Frances Mallow Taylor, Ed.D.
Head Librarian, Saint Francis of Assisi Research Library

Frances is from an extended family of educators, over several generations, including a librarian.  Her involvement with the Saint Francis of Assisi Research Library, when asked by Br. Allen A. White, O.S.F. to serve as the head librarian, was a natural.  Although raised a protestant, she was always interested in the story of Saint Francis and collected books and memorabilia of him during her lifetime.  While on a trip to Tuscany in 2008, she and her friend, Cathy Sullivant, assistant librarian at the library, made a pilgrimage to the Basilica di San Francesco in Assisi and several other Franciscan sites connected to both Francis and Clare.

Her career as a teacher began after graduating from Baylor and continued through forty-three years as a classroom teacher, a reading specialist, an ESL teacher of children and adults, an administrator of an urban bilingual school, and an adjunct and visiting professor in the School of Education at University of Houston.  She earned her Ed.D. from Texas A&M University while doing research on the writing development of the kindergarten children for whom English was a second language that she was teaching, in collaboration with two kindergarten teachers.

A published author, she co-wrote Framing Literacy: Teaching/Learning in K-8 Classrooms and Teaching Every Child: A Guide for Literacy Teams Grades 1-3 with Dr.
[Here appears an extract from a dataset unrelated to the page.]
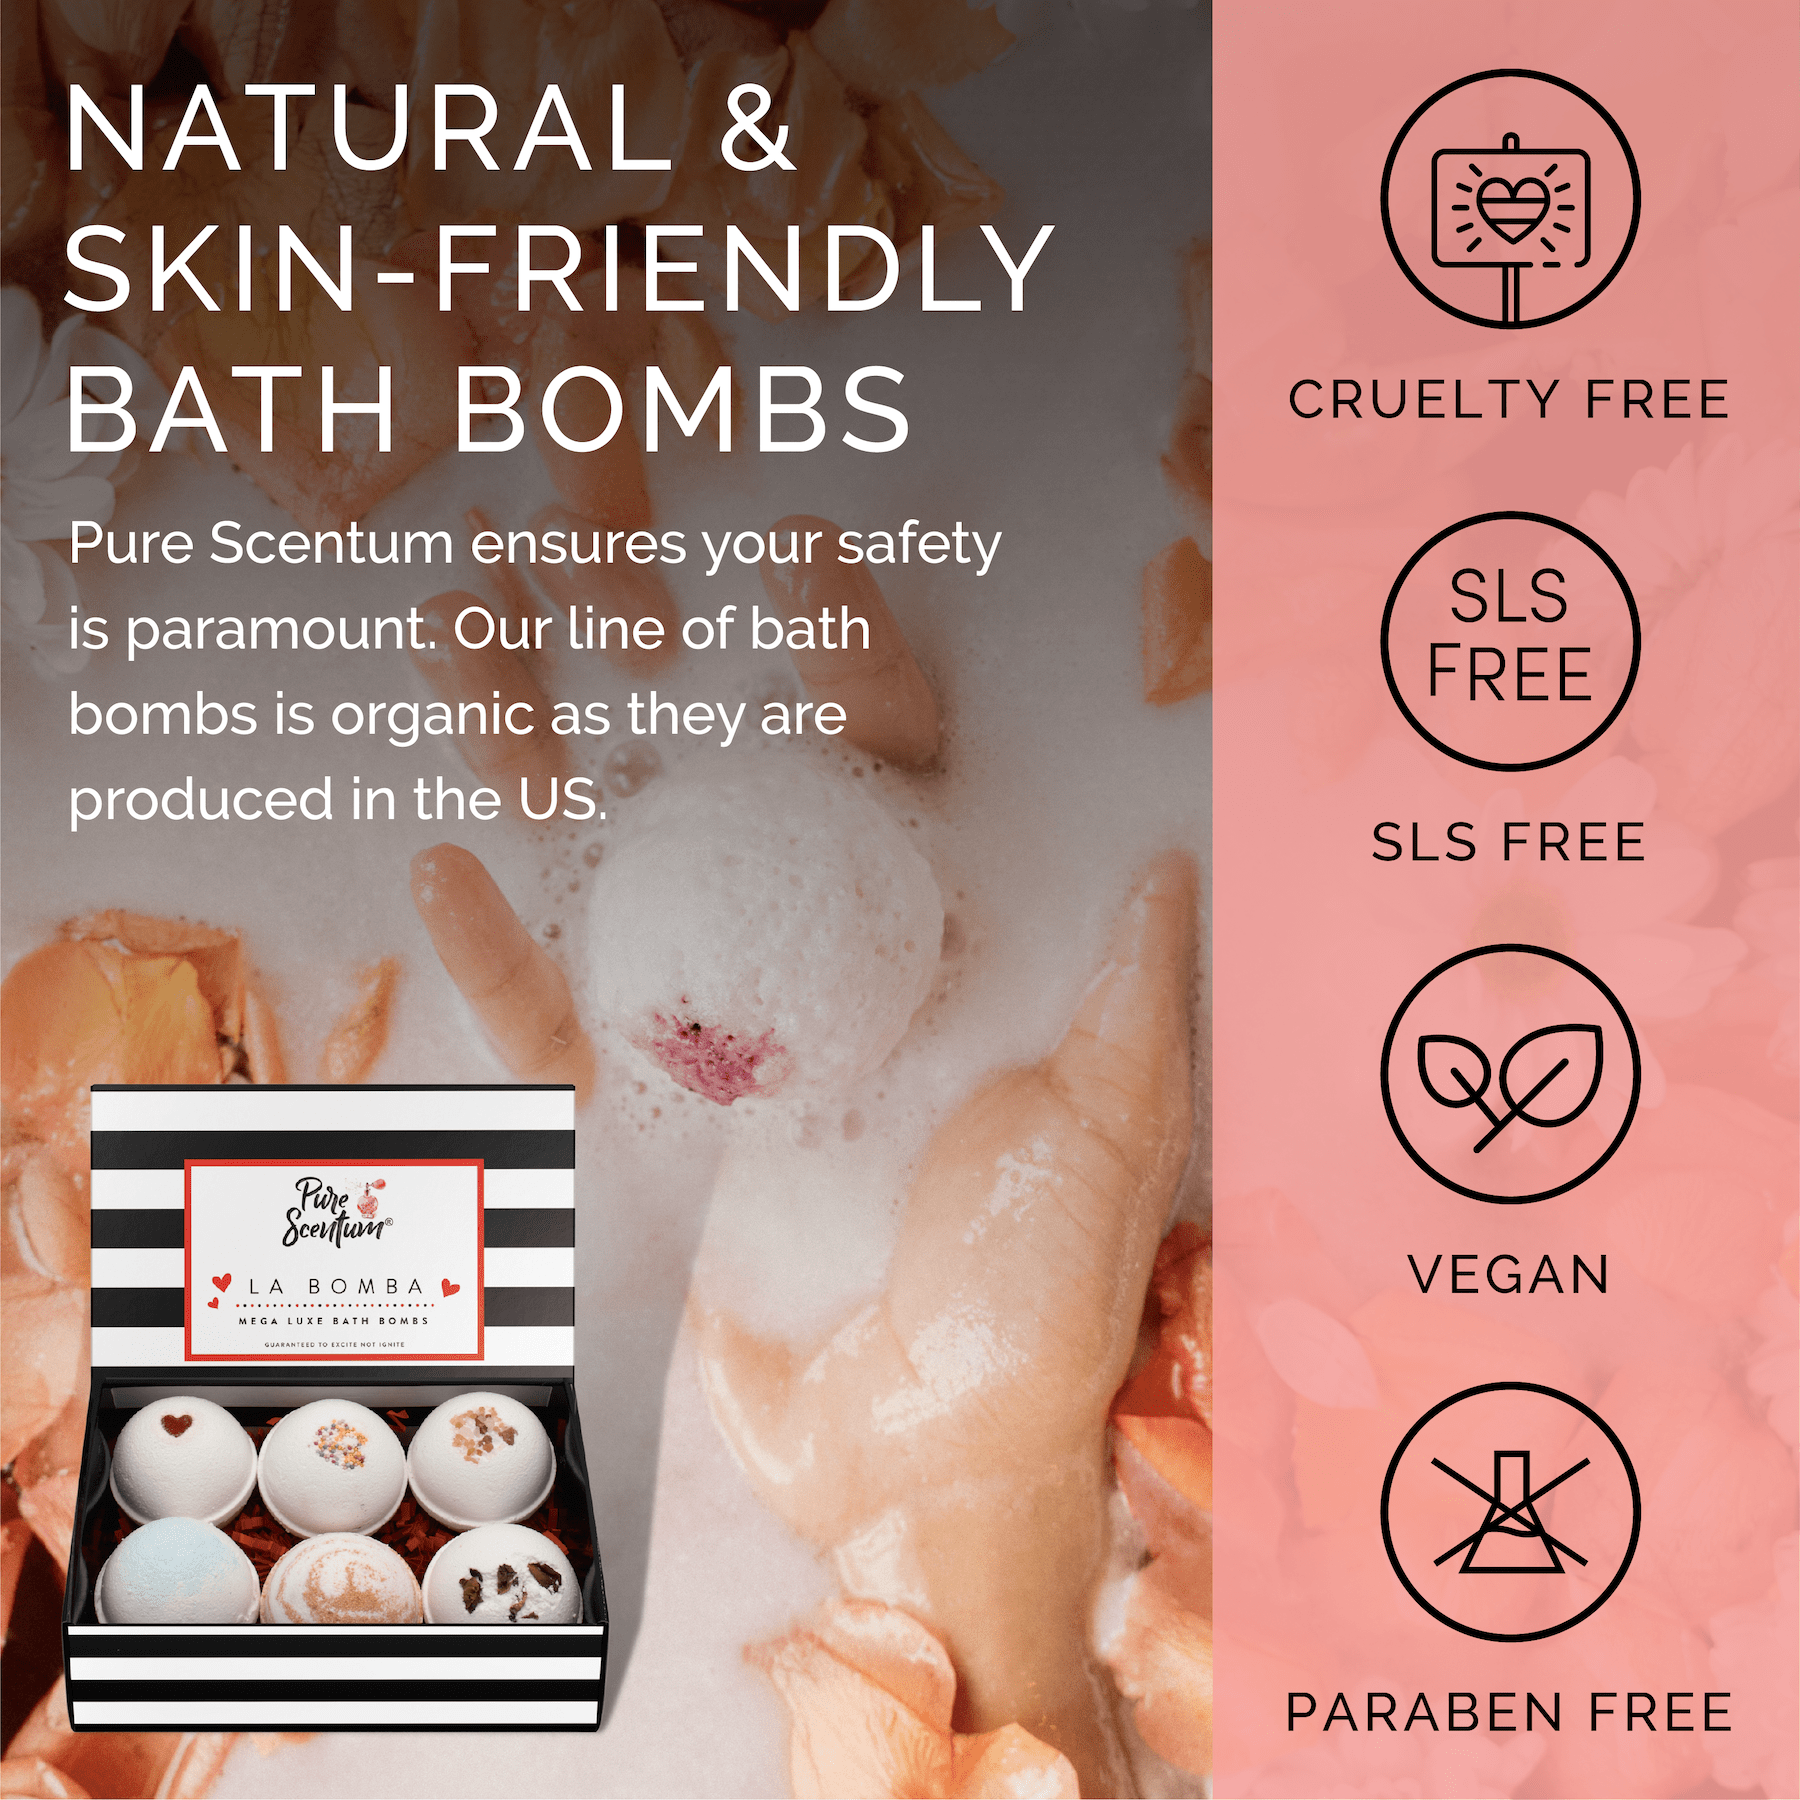 Pure scentum luxury bath bomb features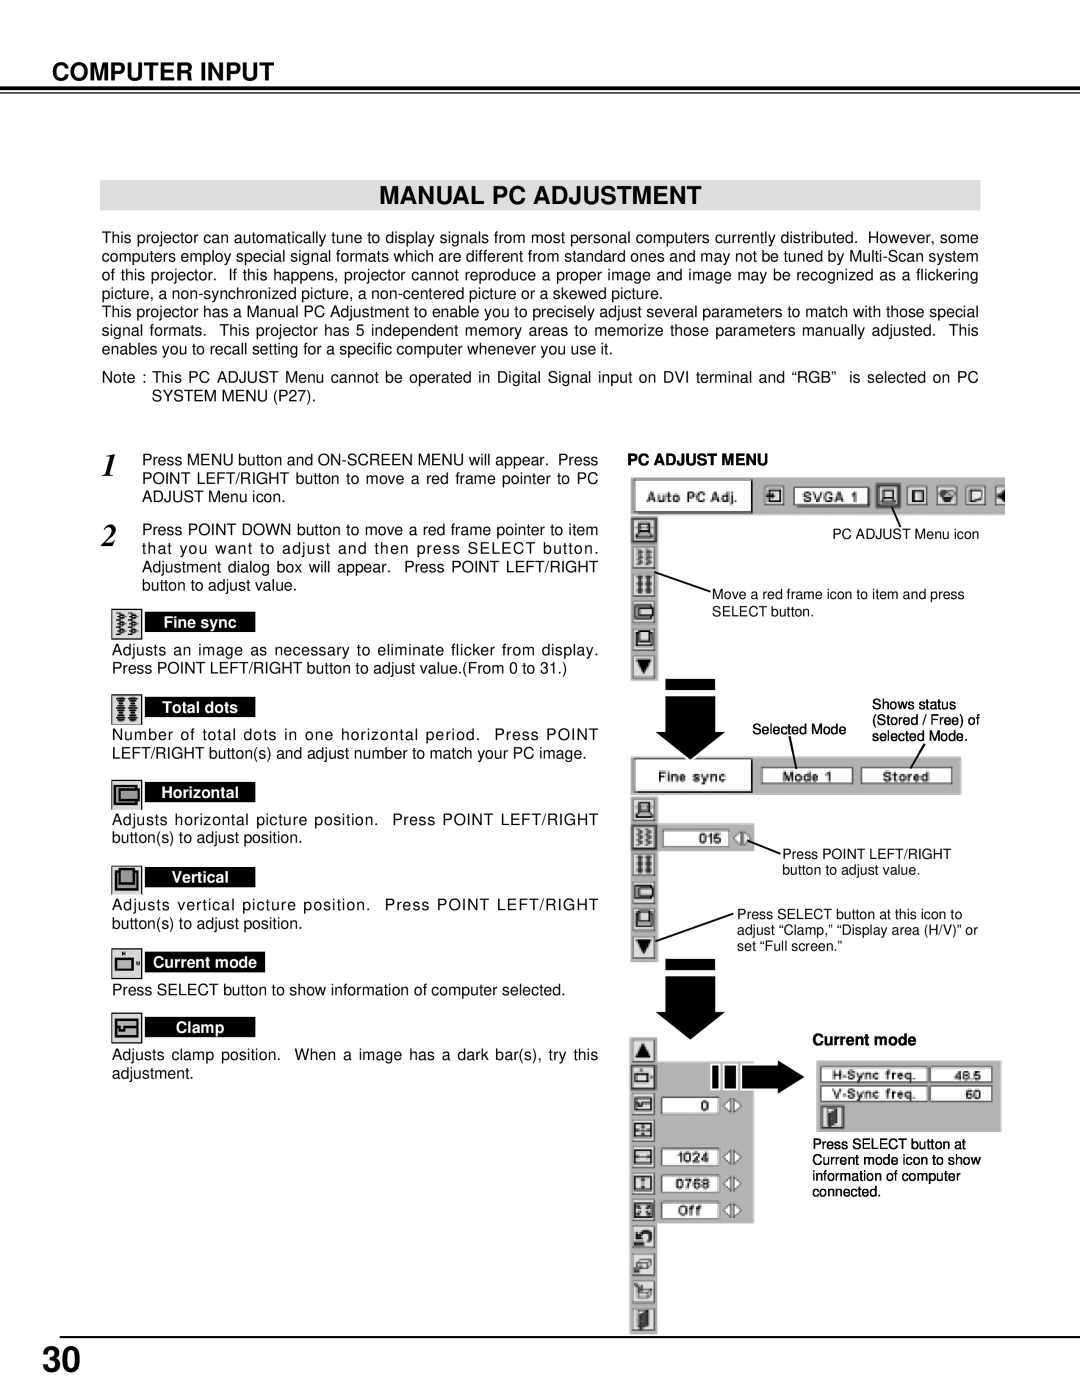 Eiki LC-UXT1 Computer Input Manual Pc Adjustment, Fine sync, Total dots, Horizontal, Vertical, Current mode, Clamp

Leslie Patterson.  She continued her writing with a true story about her encounter with a pigeon in Hello Bird!  This book was for children and written in collaboration with Lynne Dozier, her friend and later writing partner.  Involvement with the establishment of Hope Center Houston, a day center for people who are homeless in northwest Houston, led to a book, co-edited with Jodie Leach, Hope Heals, with stories written by volunteers, board members, clergy, and the men and women who were being served at the Hope Center.

Her heart has always been with people who are poor, disenfranchised, forgotten, and in need.  For fifteen years, she was a part of the medical team from St. Mark’s Episcopal Church serving the people in Honduras from the coastal mountains on the border of Guatemala.  These years of experience not only brought Frances closer to God, but like Saint Francis of Assisi,  even more aware of and in empathy with the poor of the world.